“When did you start being afraid to speak up?”
This is the danger concepts like trigger warnings and speech codes present to free speech. People start censoring themselves over fear of the mob.
One professor shared her story at the Washington Post:
Afraid to speak up: In the era of trigger warnings, a tenured professor stays silent
A colleague recently hit me with a hard question: “When did you start being afraid to speak up?”
She sounded surprised more than accusatory about my silence following a brouhaha at an academic conference from which we were returning.
As an assistant professor climbing the ranks in higher education, I frequently challenged the loudest voices in the room when I thought they were wrong.
Now I have tenure, which assures even greater academic freedom.

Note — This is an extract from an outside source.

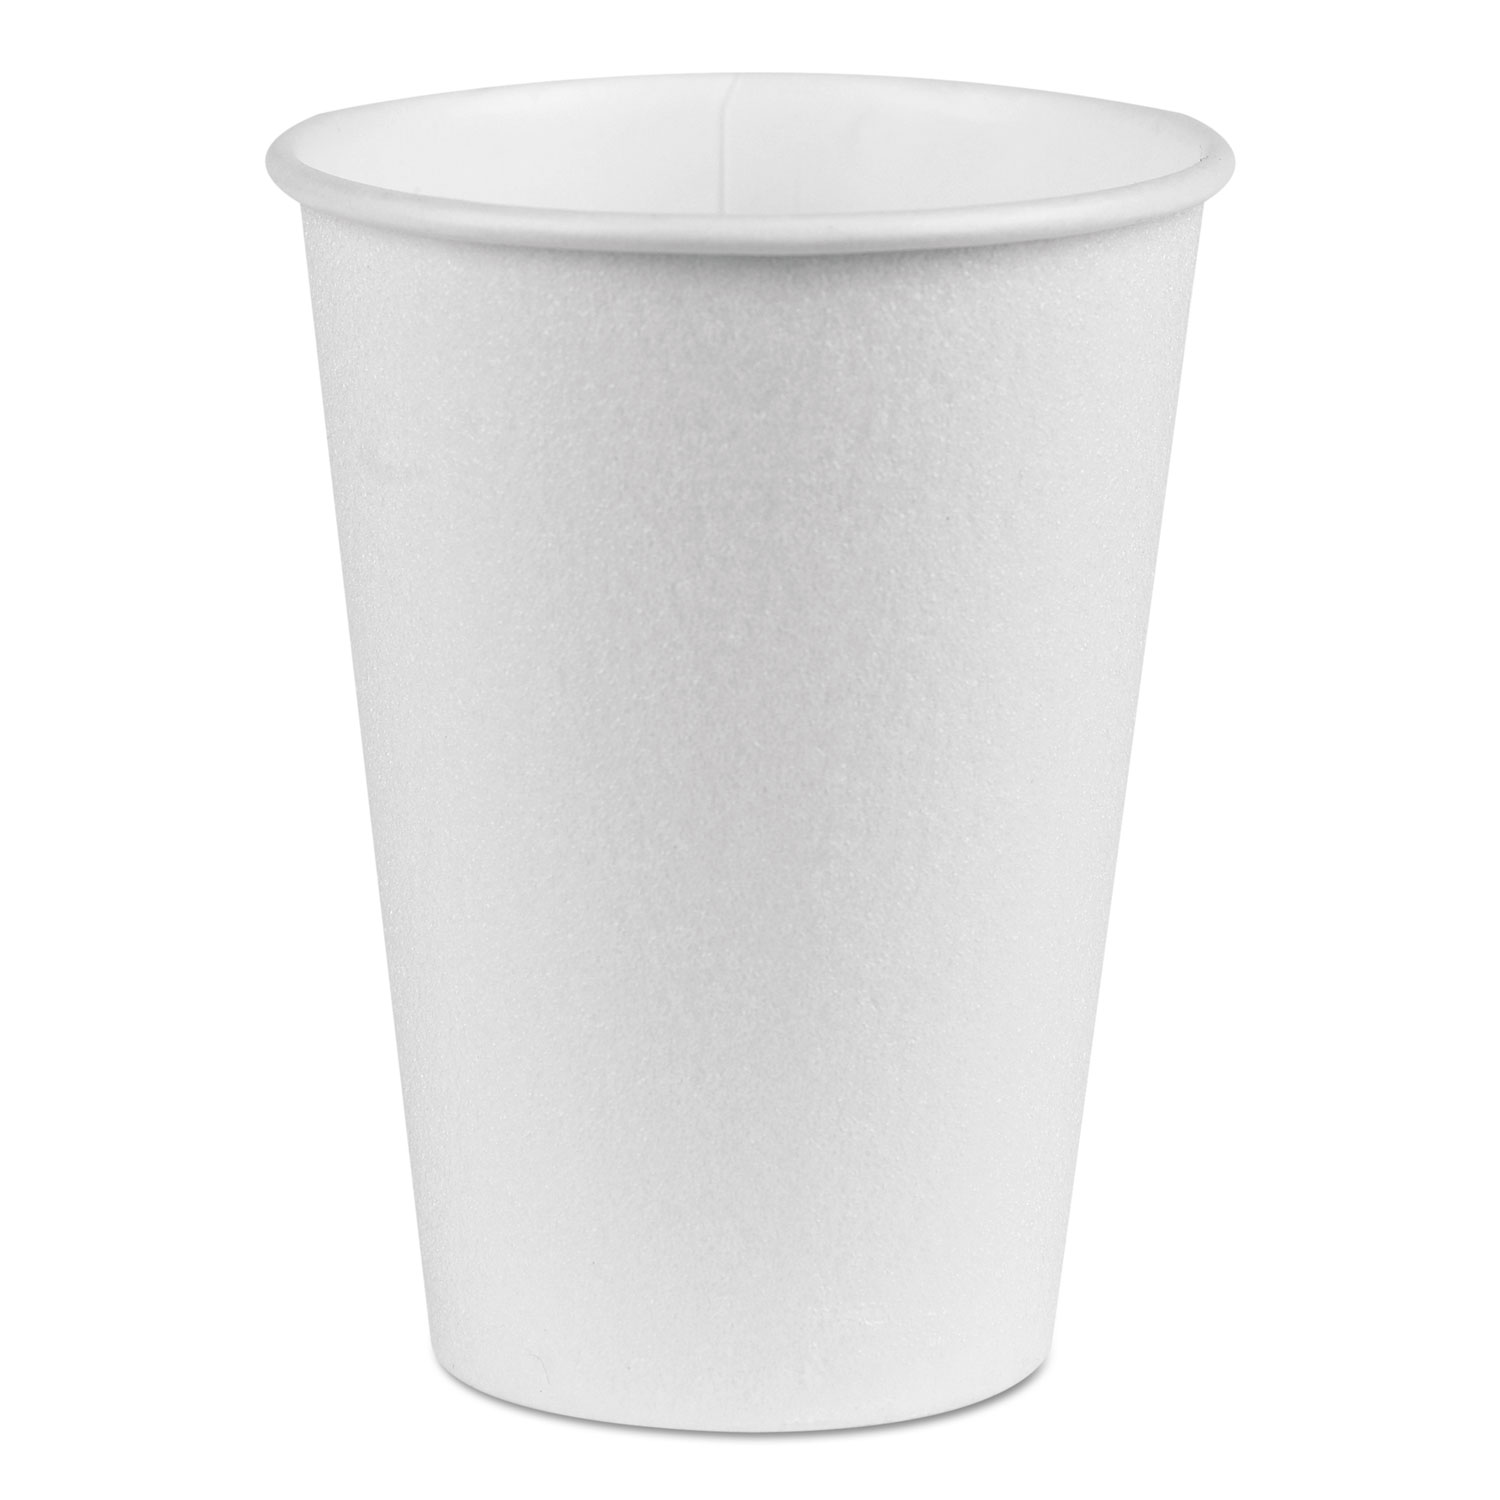  Dixie 5342W PerfecTouch Hot/Cold Cups, 12 oz., White, 50/Bag, 20 Bags/Carton (DXE5342W)

But in the current campus climate of safe spaces, trigger warnings and outrage over anything politically incorrect, I find myself increasingly holding back and second-guessing myself.
I’m not the only one. A 2010 study from the American Association of Colleges and Universities shows that only 30 percent of college seniors and 17 percent of professors strongly agree it’s safe to hold unpopular points of view on campus.
My most recent struggle with self-censorship came in the context of a gala at the international conference. It was a joyous 1920s-style burlesque show, which was “equal opportunity” inclusive as it celebrated life. A comedian in purple pants embraced his gayness and got everybody laughing. Men and women dancers tastefully depicted multiple facets of the Roaring Twenties — some sensual, some humorous, and everything done to a fun and uplifting beat.
I was dazzled by every performance, but the conference director seemed nervous afterward. He wasn’t expecting something quite so provocative as a mini striptease in one sequence, and he worried that people might complain.
Sure enough, a critical post soon appeared on Facebook from a champion of gender inclusiveness — a gay woman who hadn’t seen the show but had learned about it from a friend. Like-minded thinkers quickly added their comments, and some called for a boycott of the society.